--- WHAT IS BEING ASKED ---
Every line of the listing below is to be repeated exactly; the pictures stay out.

--- GIVEN MATERIAL ---
:::

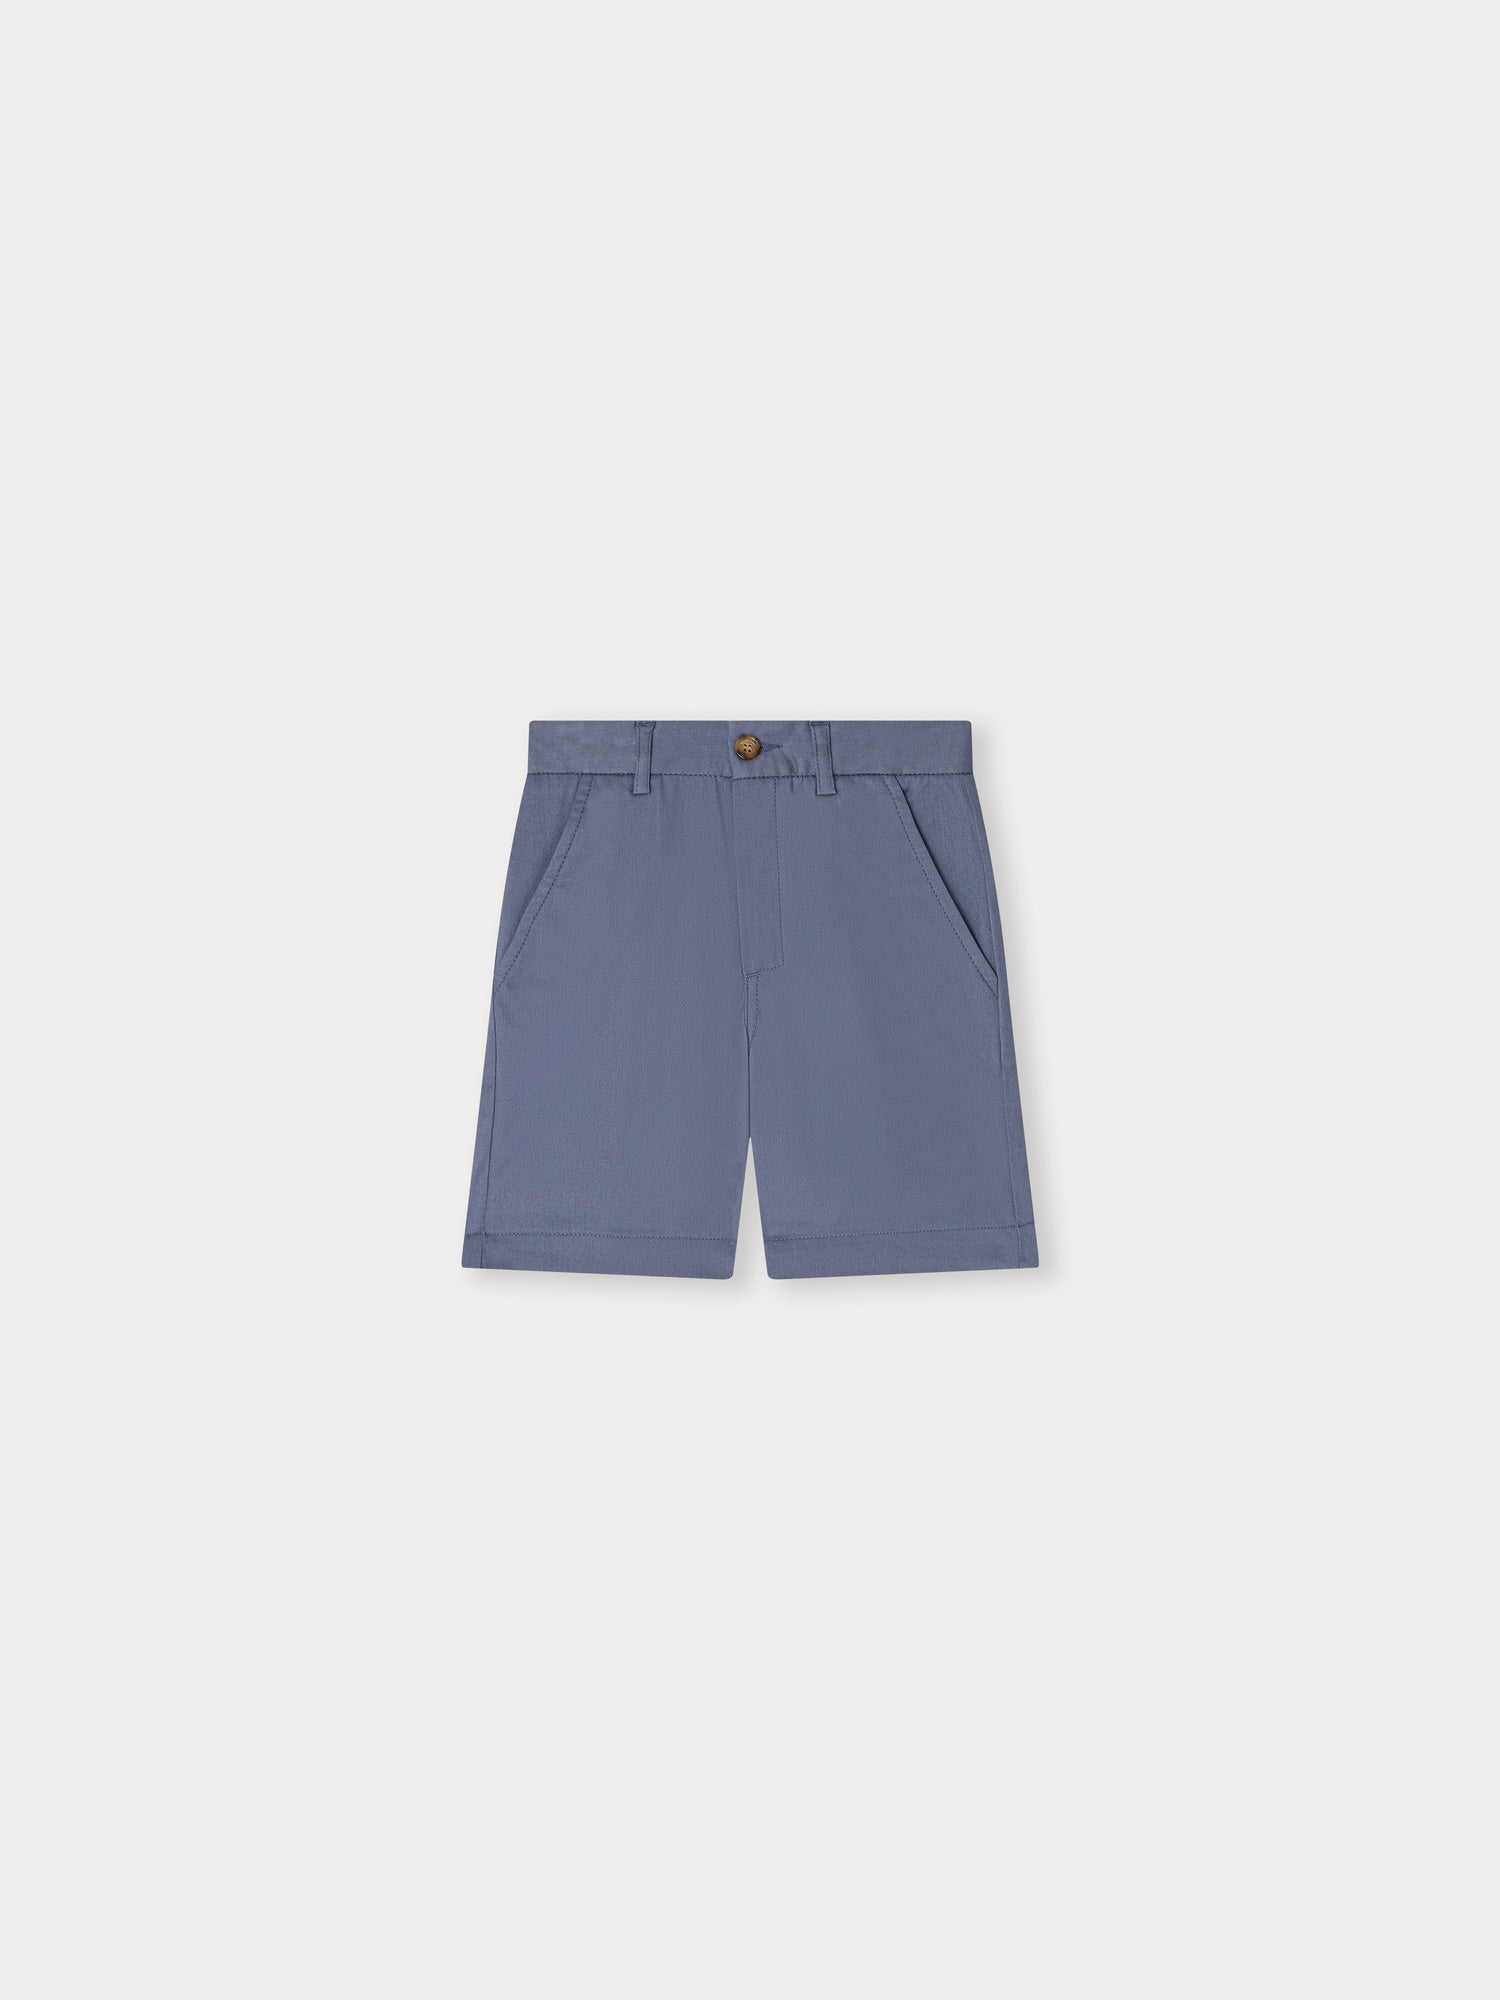 Bonpoint Calvin cotton chino shorts - Blue
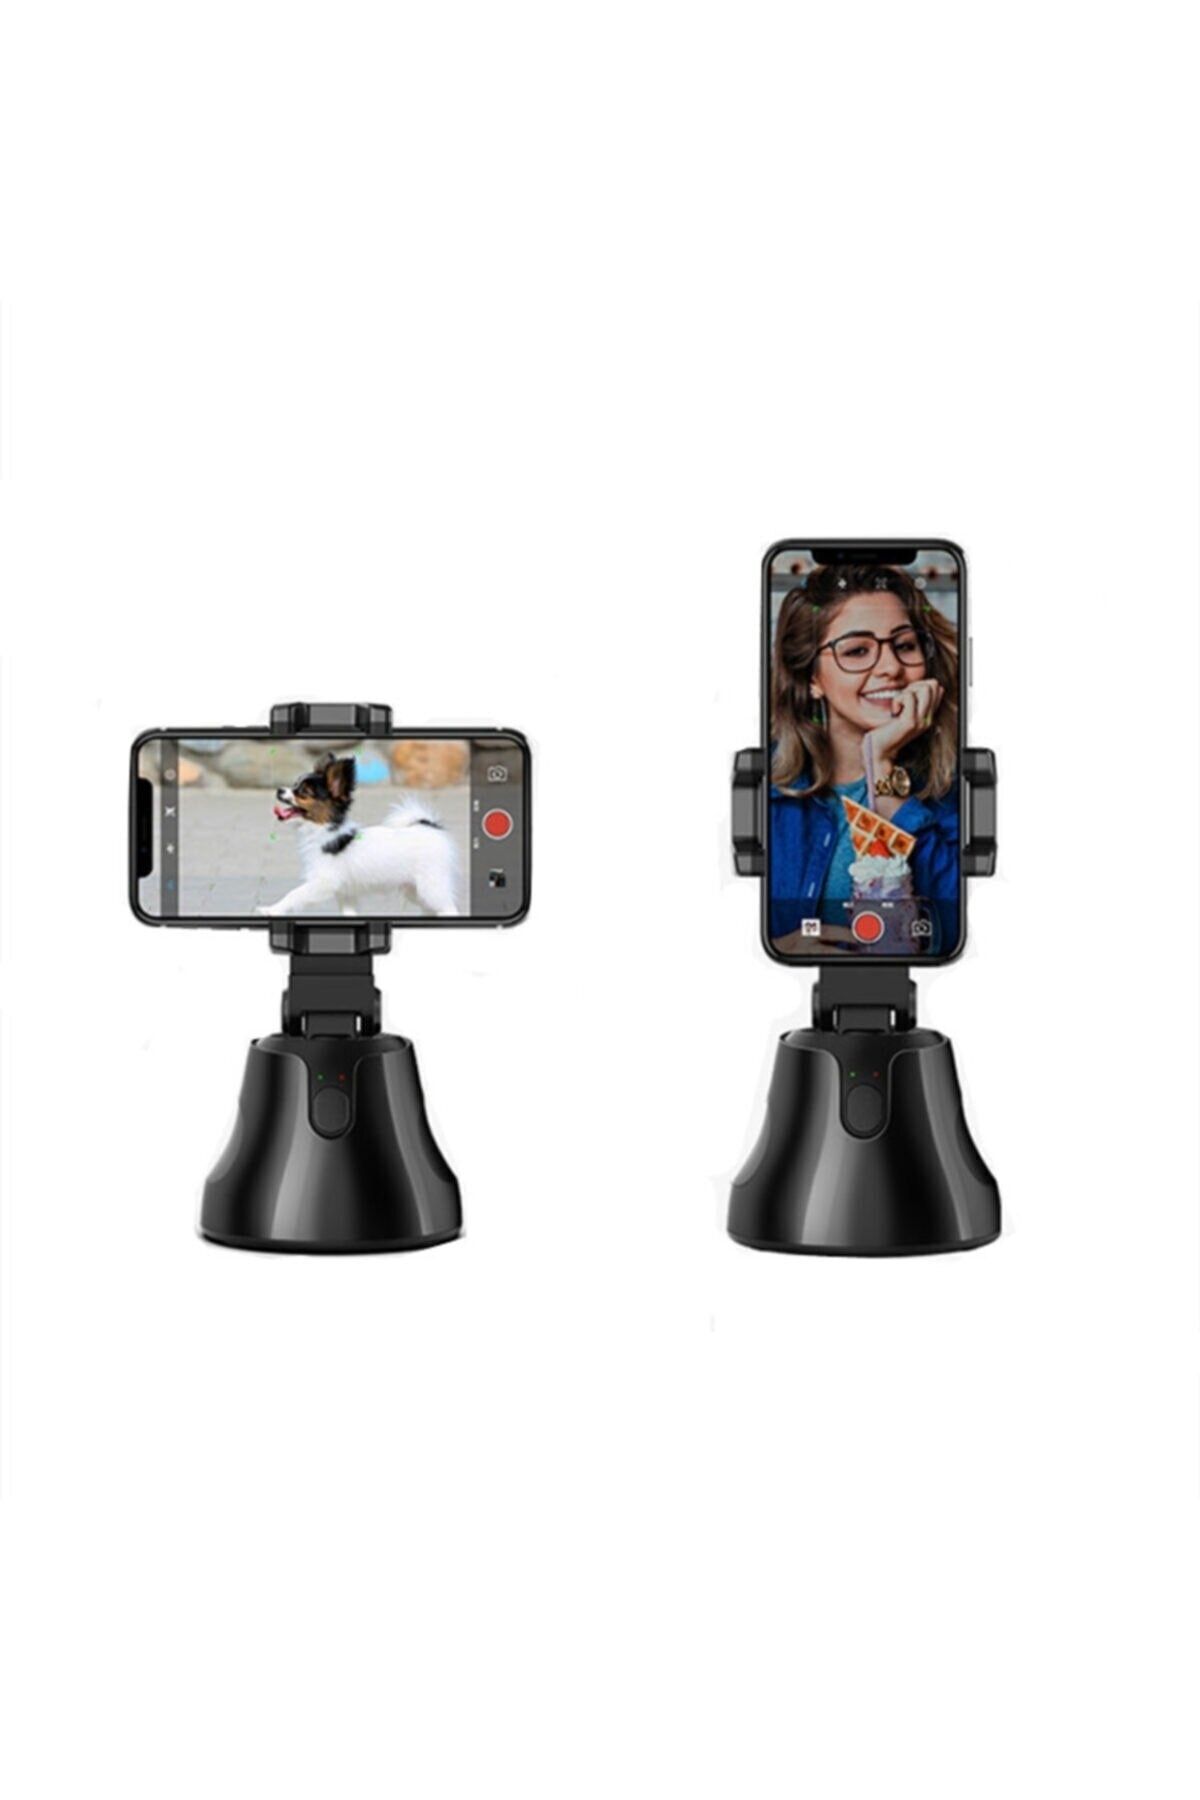 VOOKA Apai Genie Unico 360° Hareket Algılayıcı Akıllı Selfie Video Takip Tripodu Sensörlü
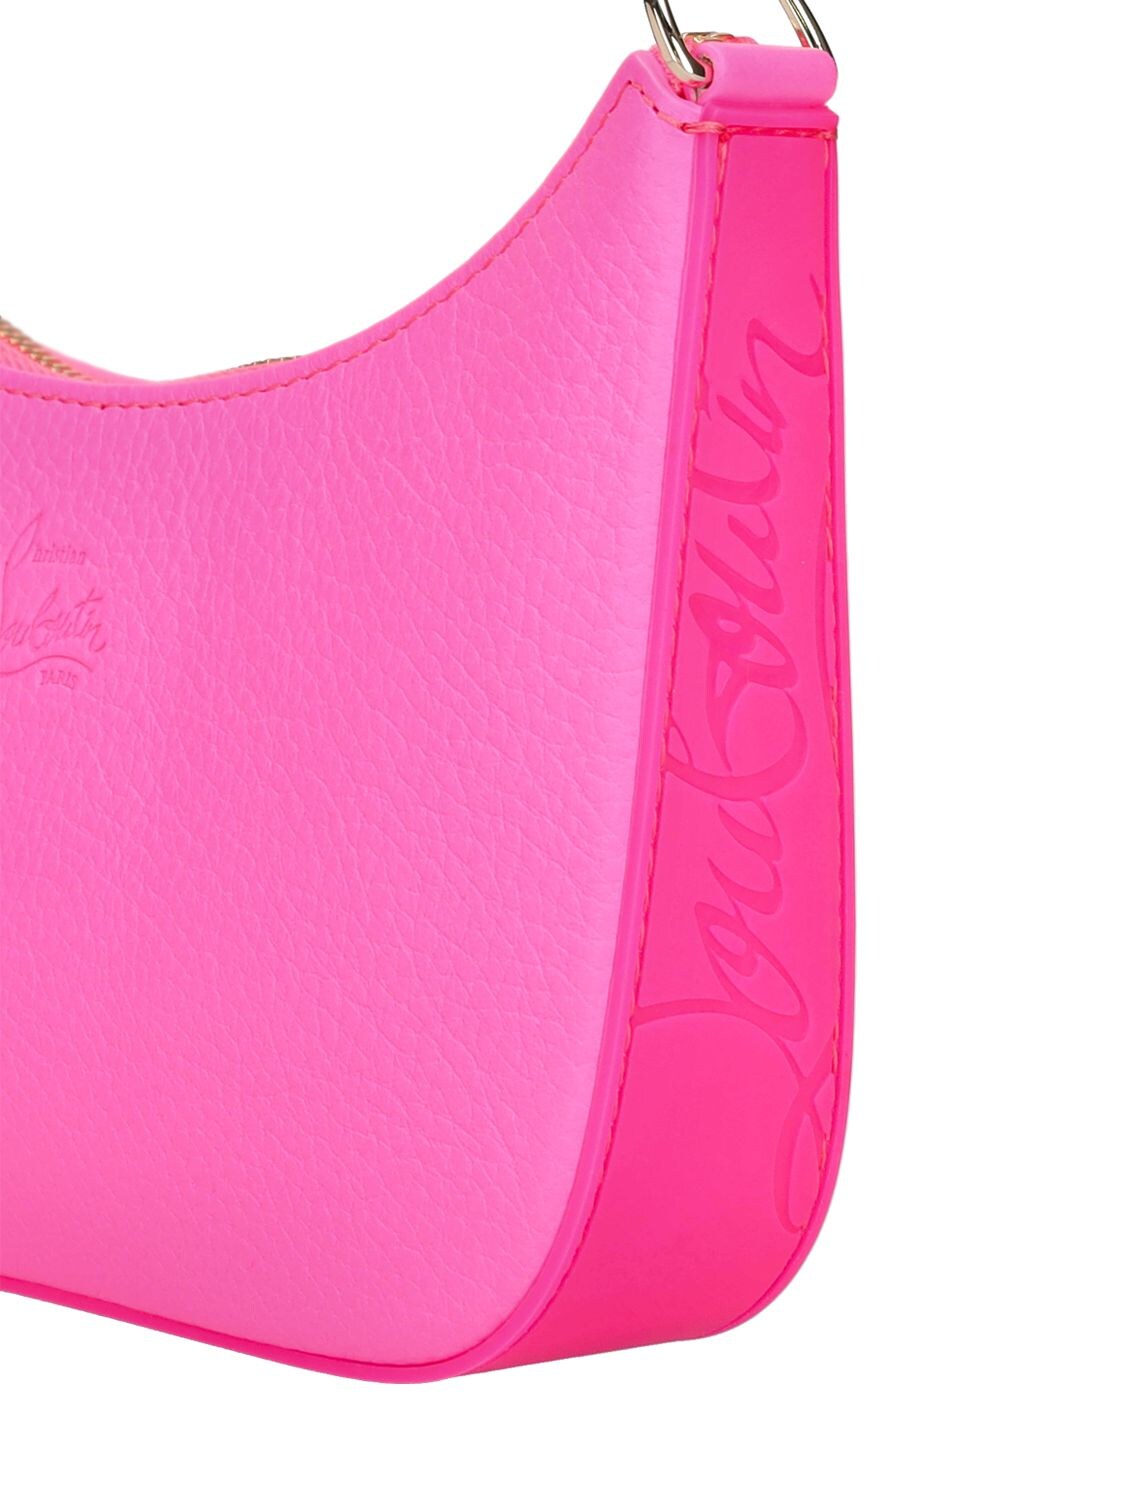 Loubila Chain Mini Leather Shoulder Bag in Pink - Christian Louboutin
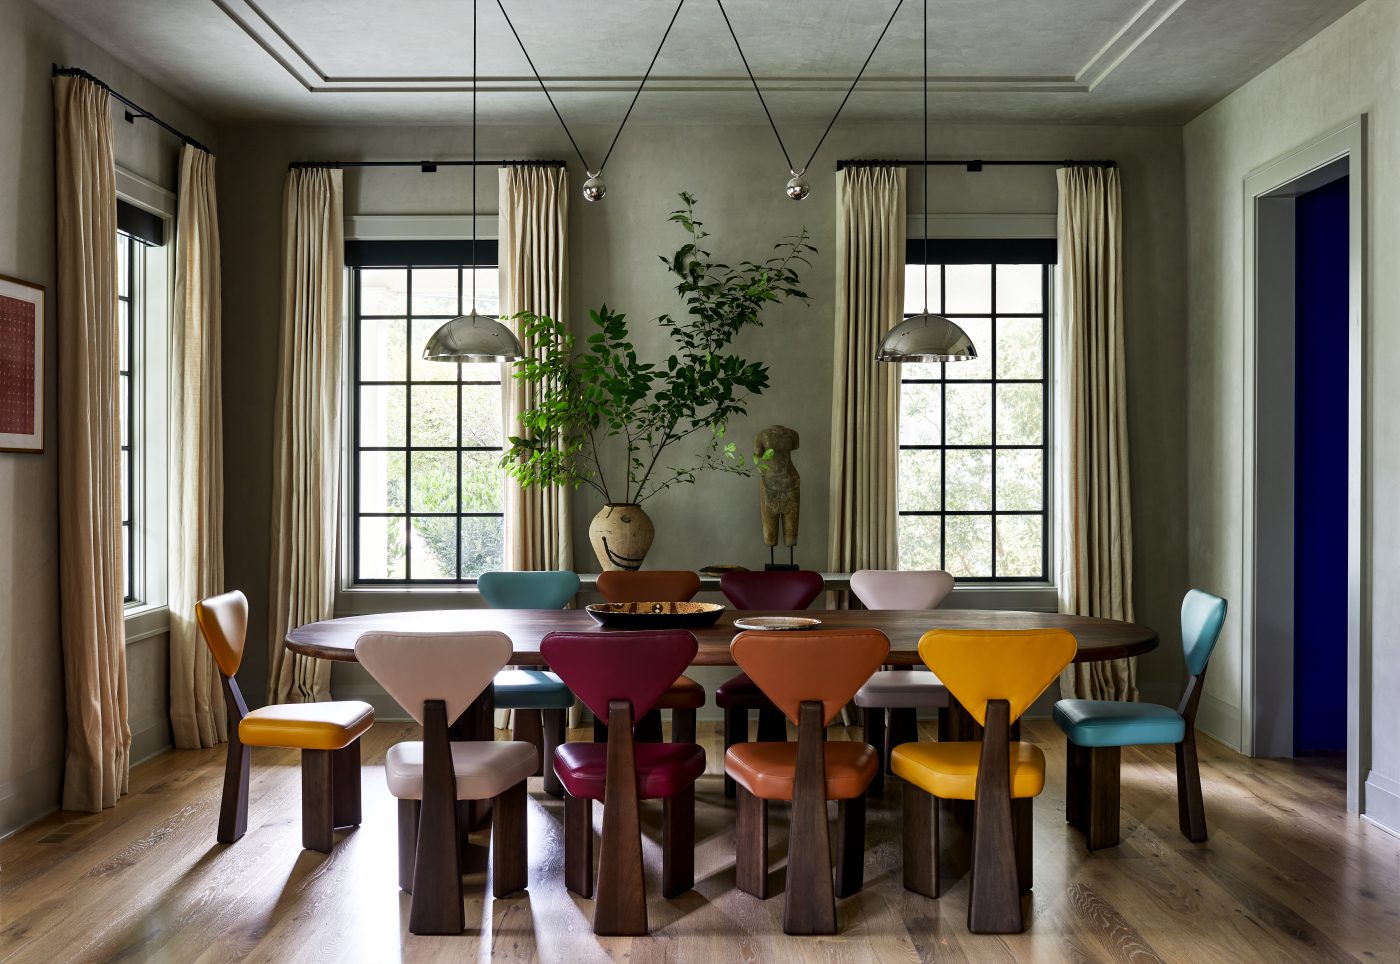 Dining room of Zoe Feldman designed home in Virginia suburbs of Washington DC

:::

--- YOUR SOLUTION ---
 Bonpoint Calvin cotton chino shorts - Blue
 VOOKA Apai Genie Unico 360° Hareket Algılayıcı Akıllı Selfie Video Takip Tripodu Sensörlü
 Loubila Chain Mini Leather Shoulder Bag in Pink - Christian Louboutin
 Dining room of Zoe Feldman designed home in Virginia suburbs of Washington DC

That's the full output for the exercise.